◆ **Exercise brief**
An exact restatement of the data is required, with the images omitted.

◆ **Collected material**
* * * *
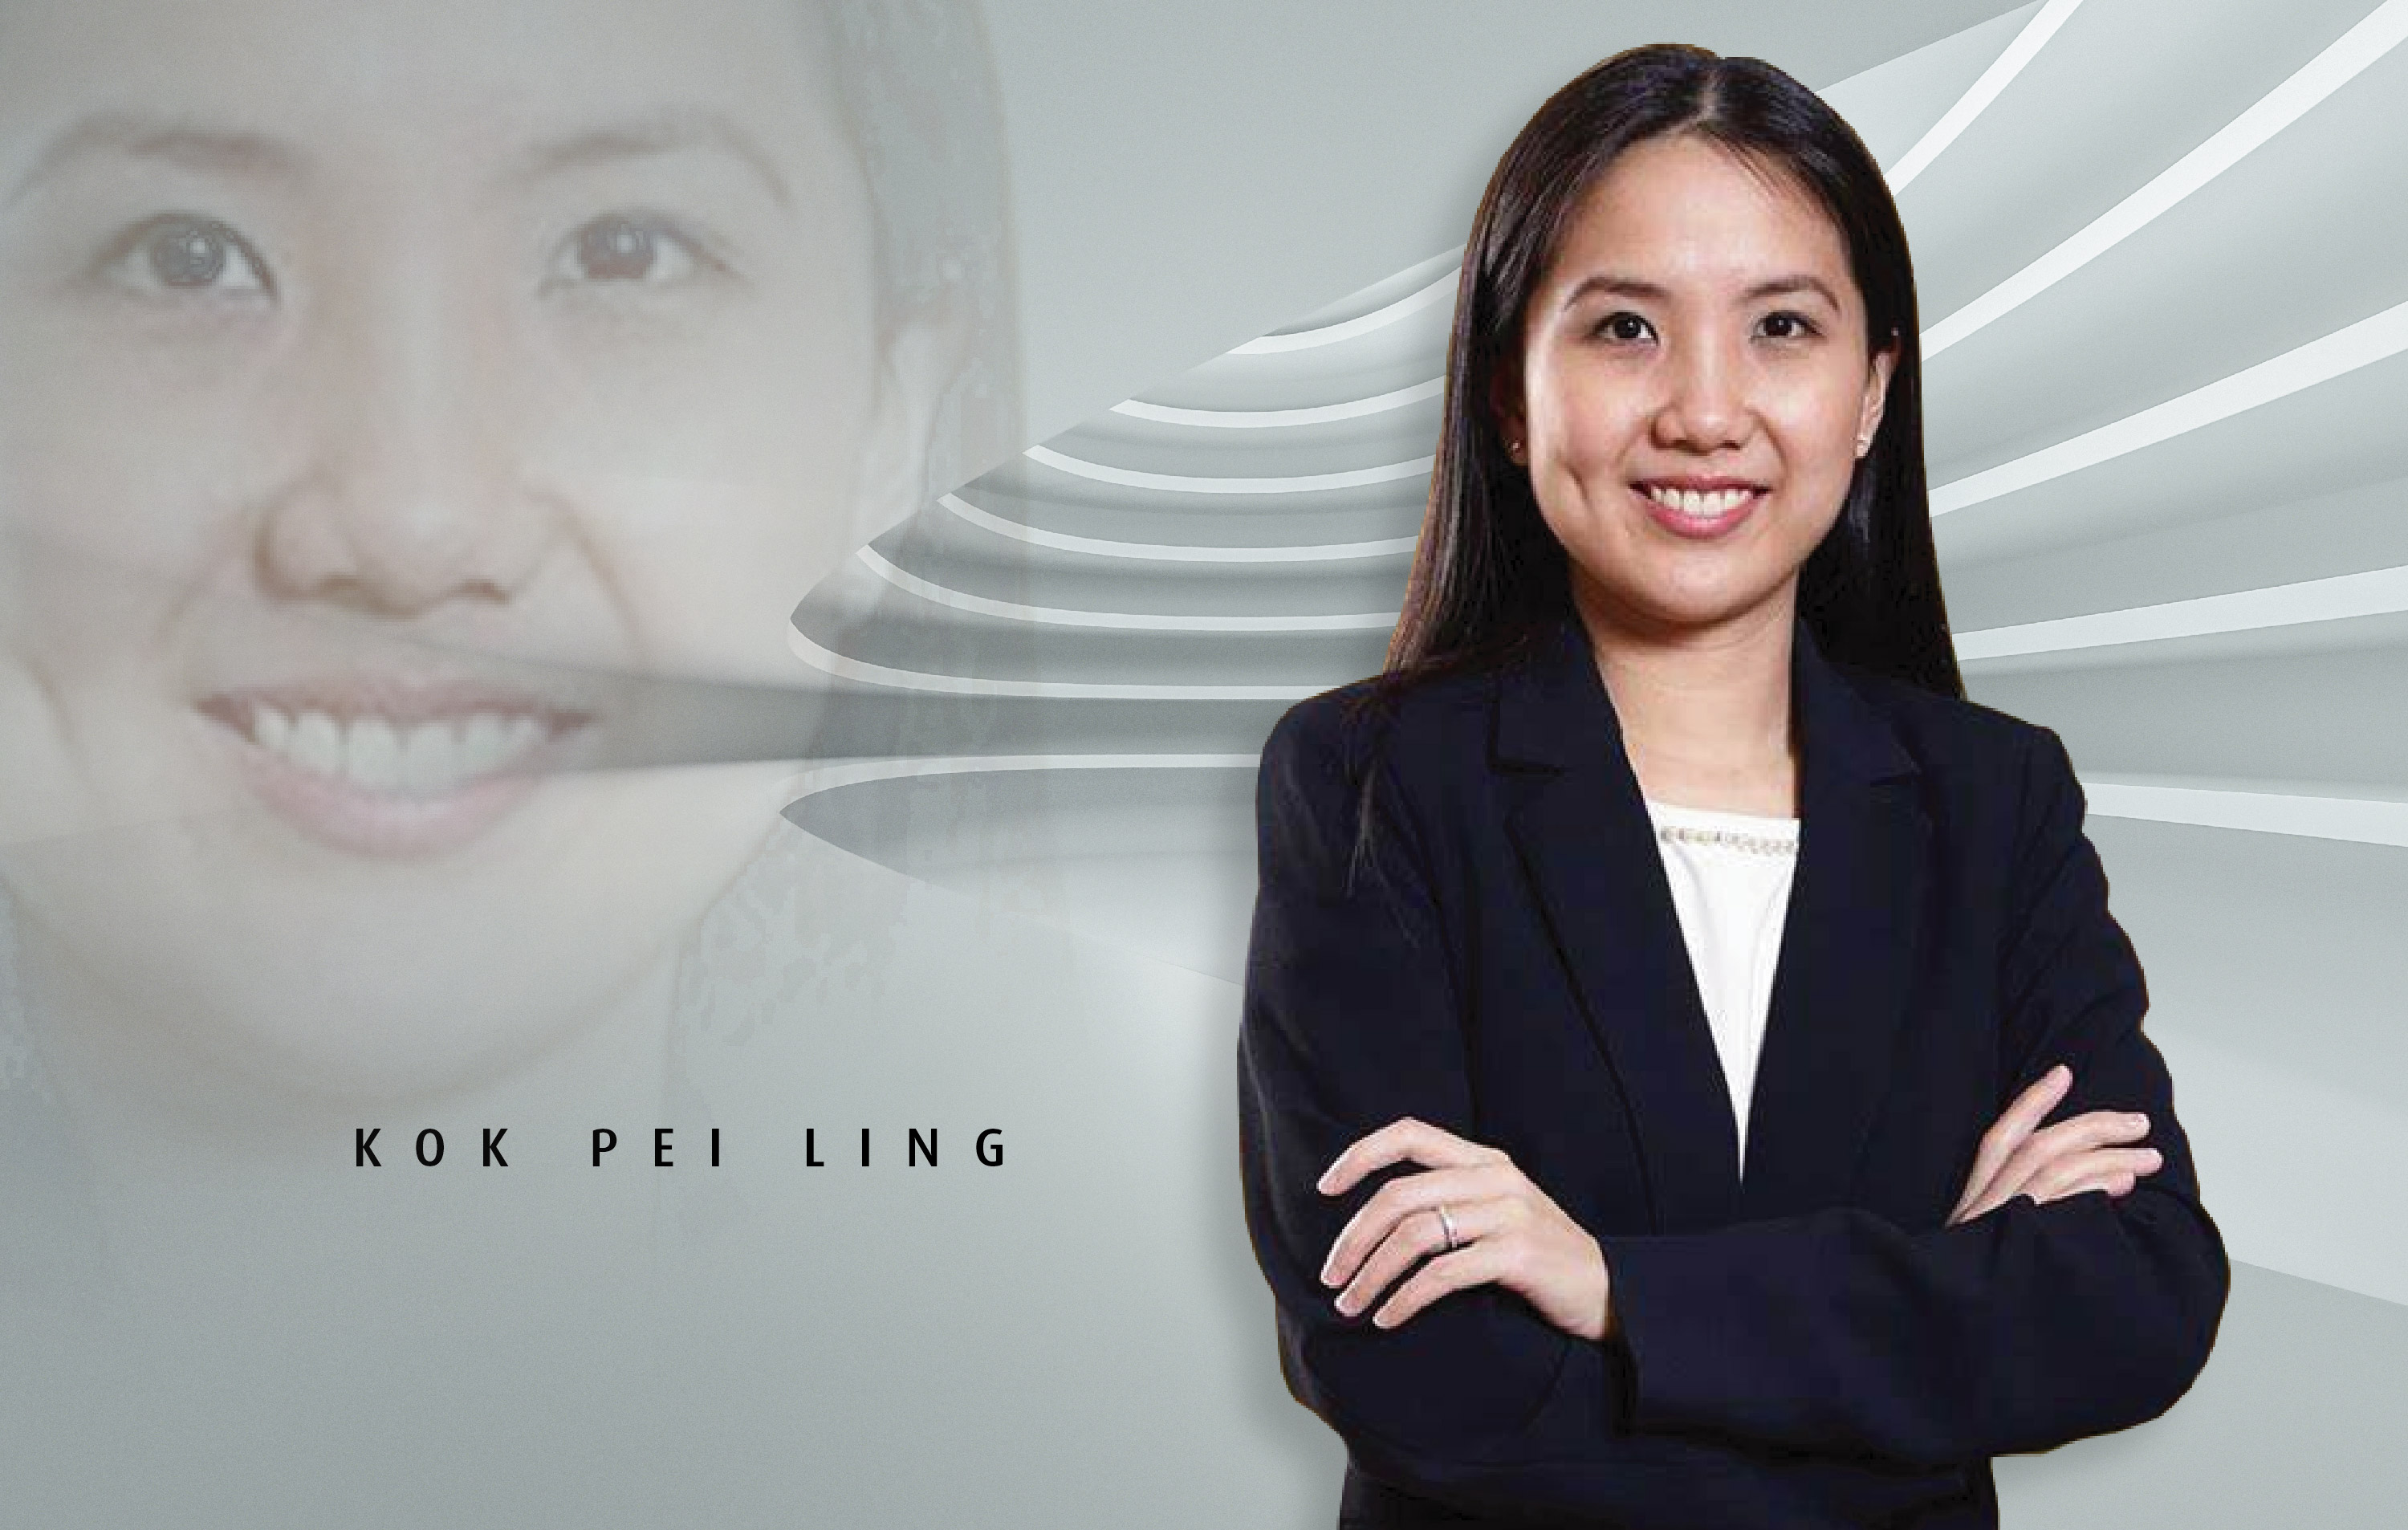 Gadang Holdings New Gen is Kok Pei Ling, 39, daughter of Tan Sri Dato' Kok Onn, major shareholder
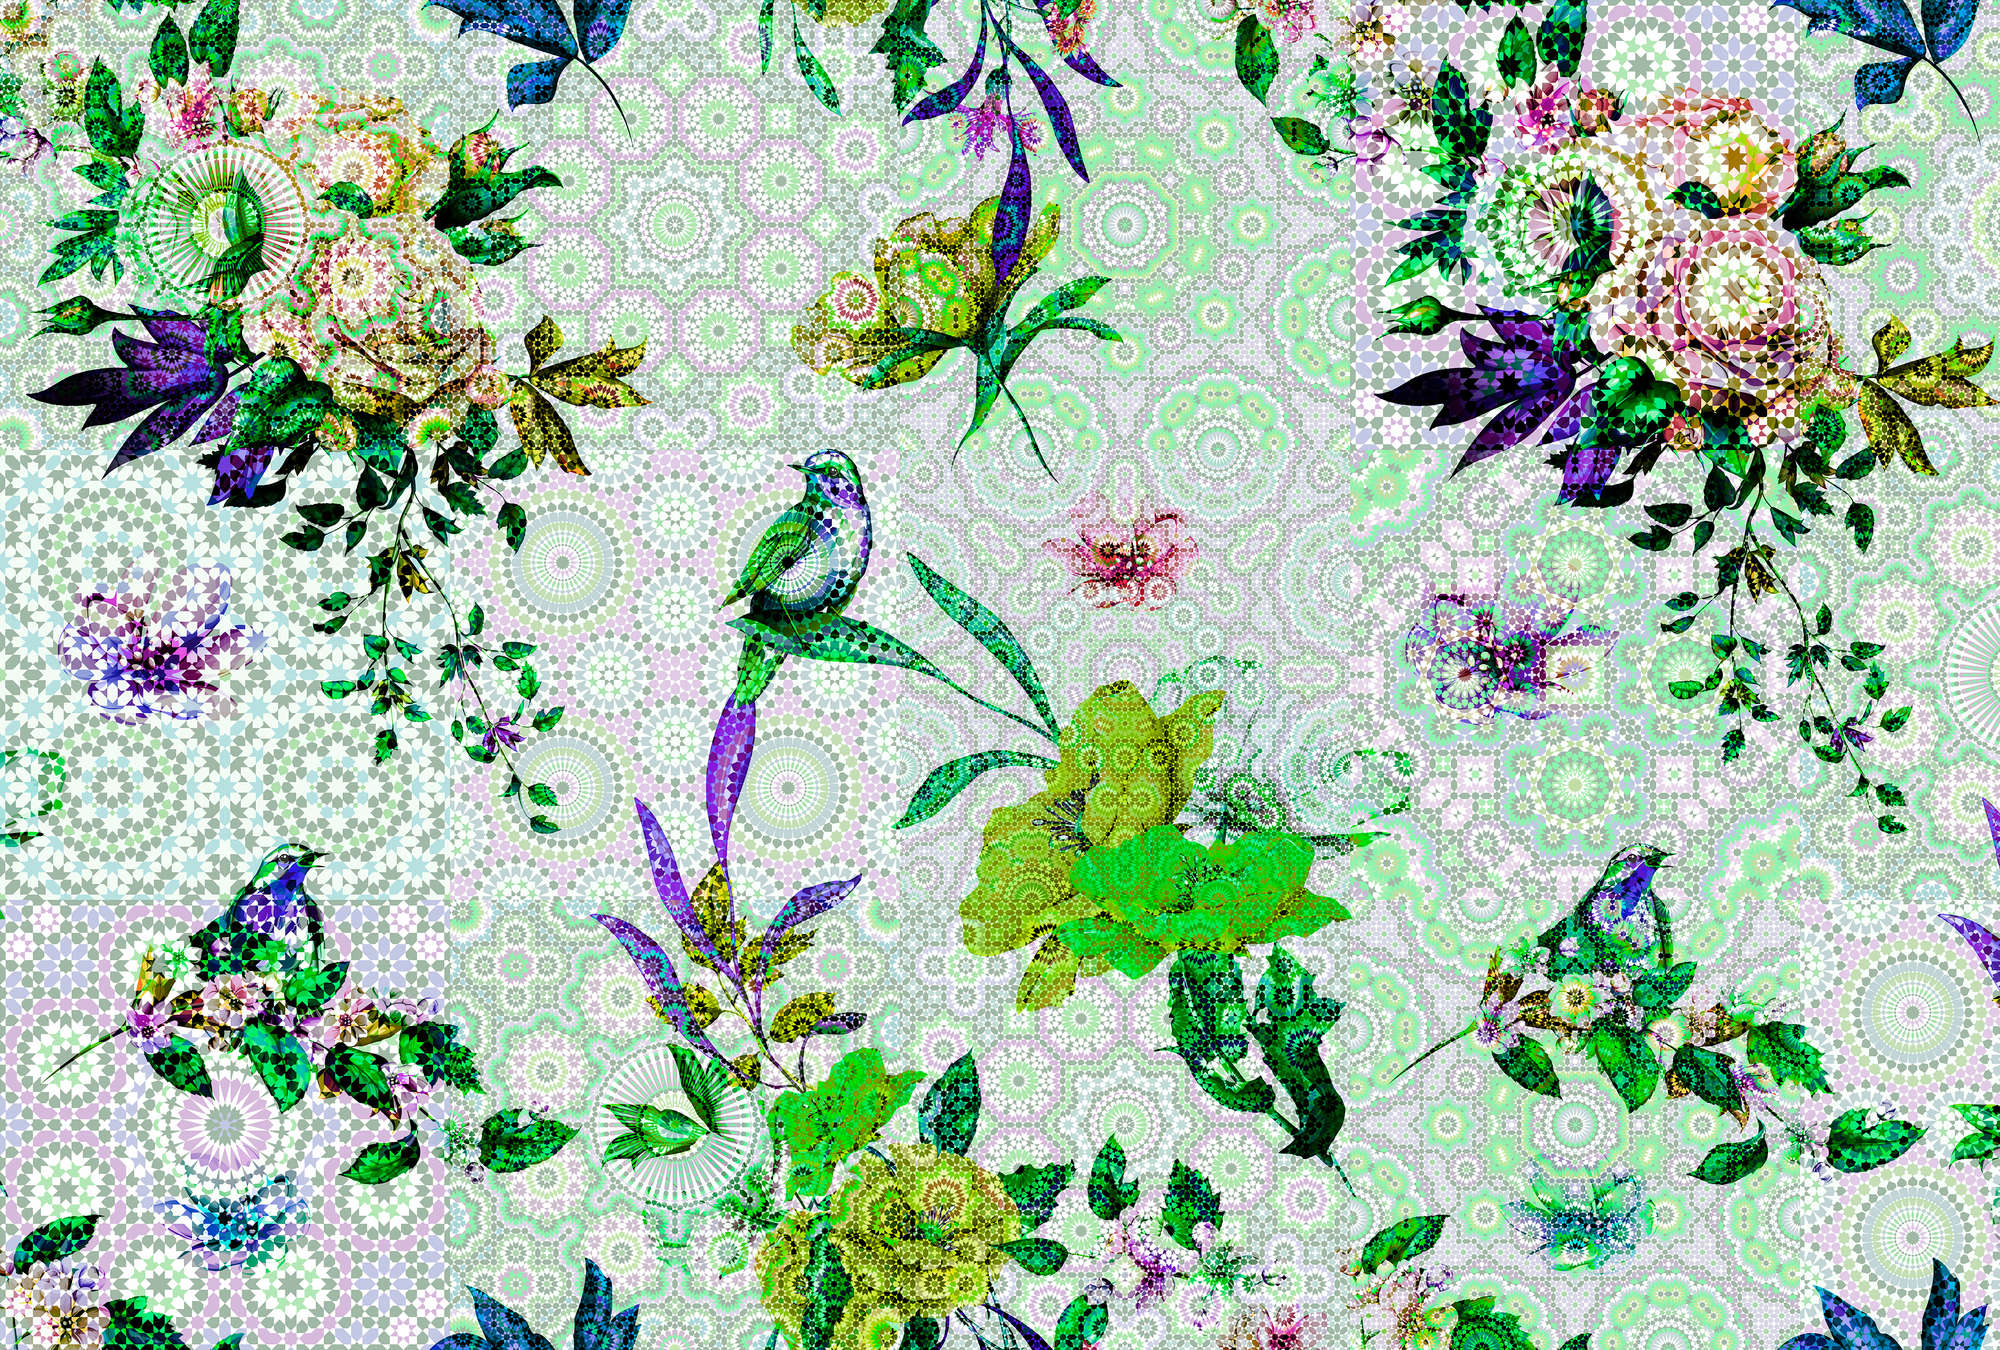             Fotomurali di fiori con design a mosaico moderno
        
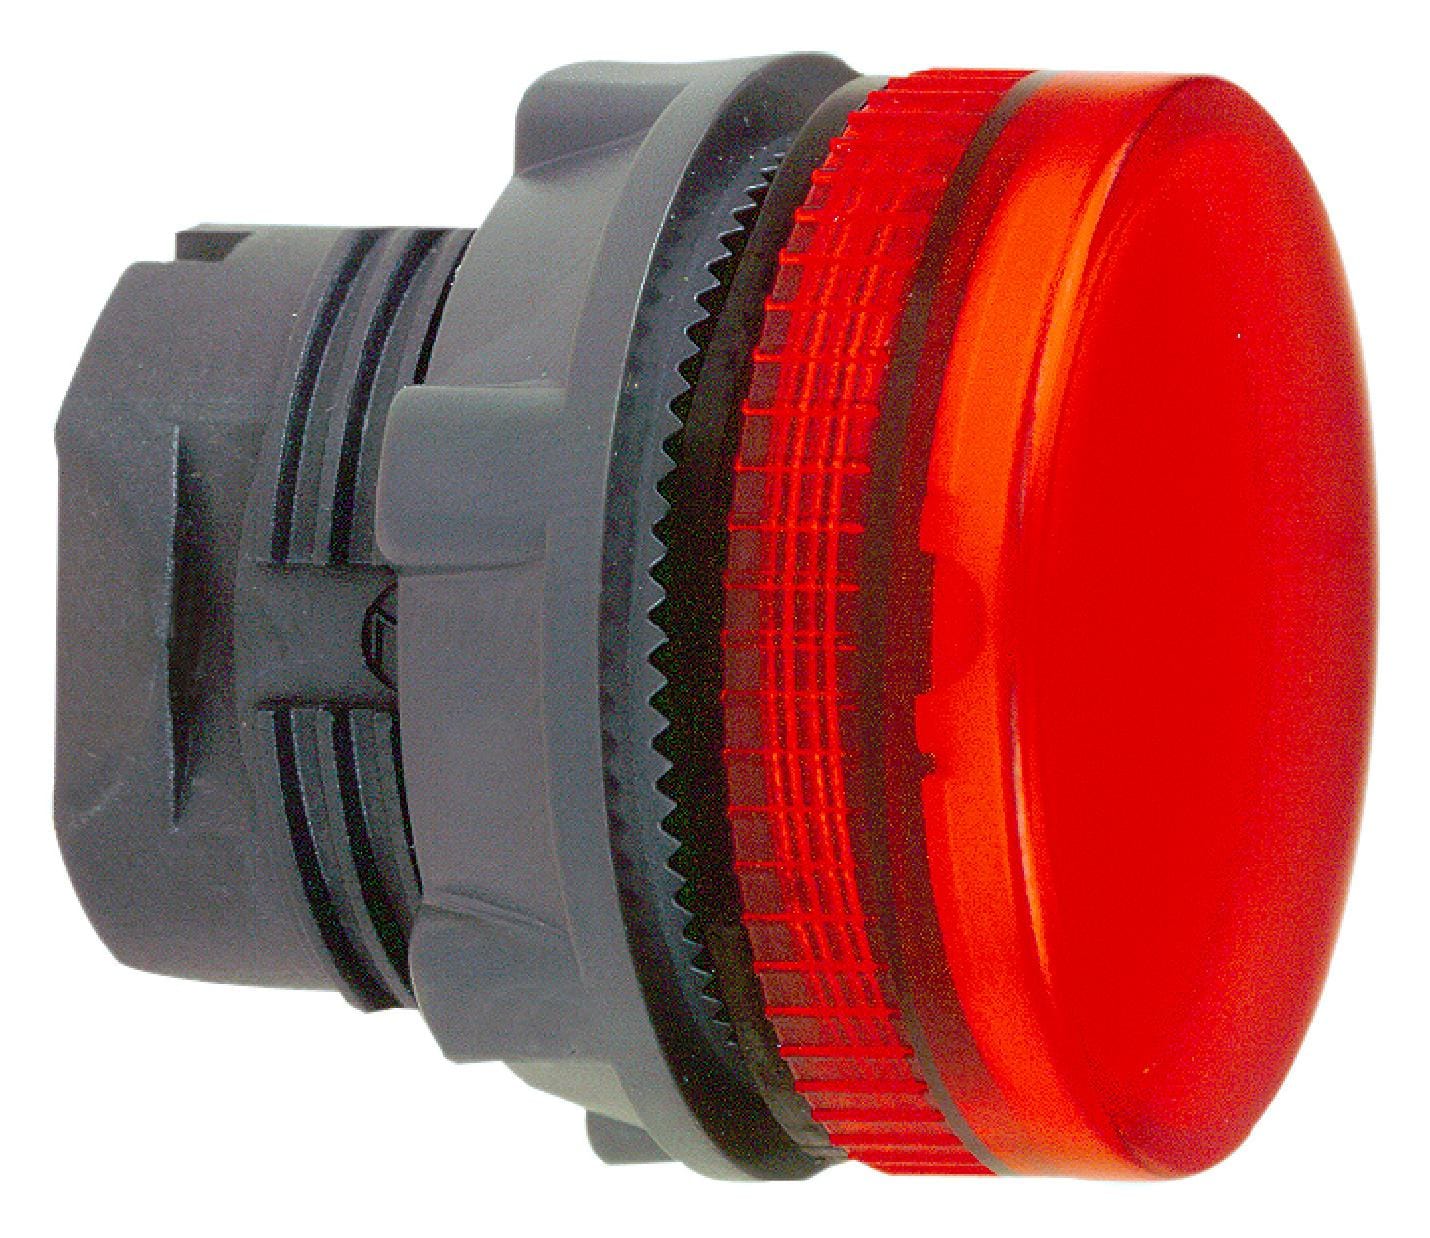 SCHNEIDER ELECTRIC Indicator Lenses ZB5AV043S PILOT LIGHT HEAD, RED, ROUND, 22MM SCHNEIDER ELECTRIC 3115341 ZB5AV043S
* * * *
◆ **Response to the task**
 Gadang Holdings New Gen is Kok Pei Ling, 39, daughter of Tan Sri Dato' Kok Onn, major shareholder
             Fotomurali di fiori con design a mosaico moderno
        
 SCHNEIDER ELECTRIC Indicator Lenses ZB5AV043S PILOT LIGHT HEAD, RED, ROUND, 22MM SCHNEIDER ELECTRIC 3115341 ZB5AV043S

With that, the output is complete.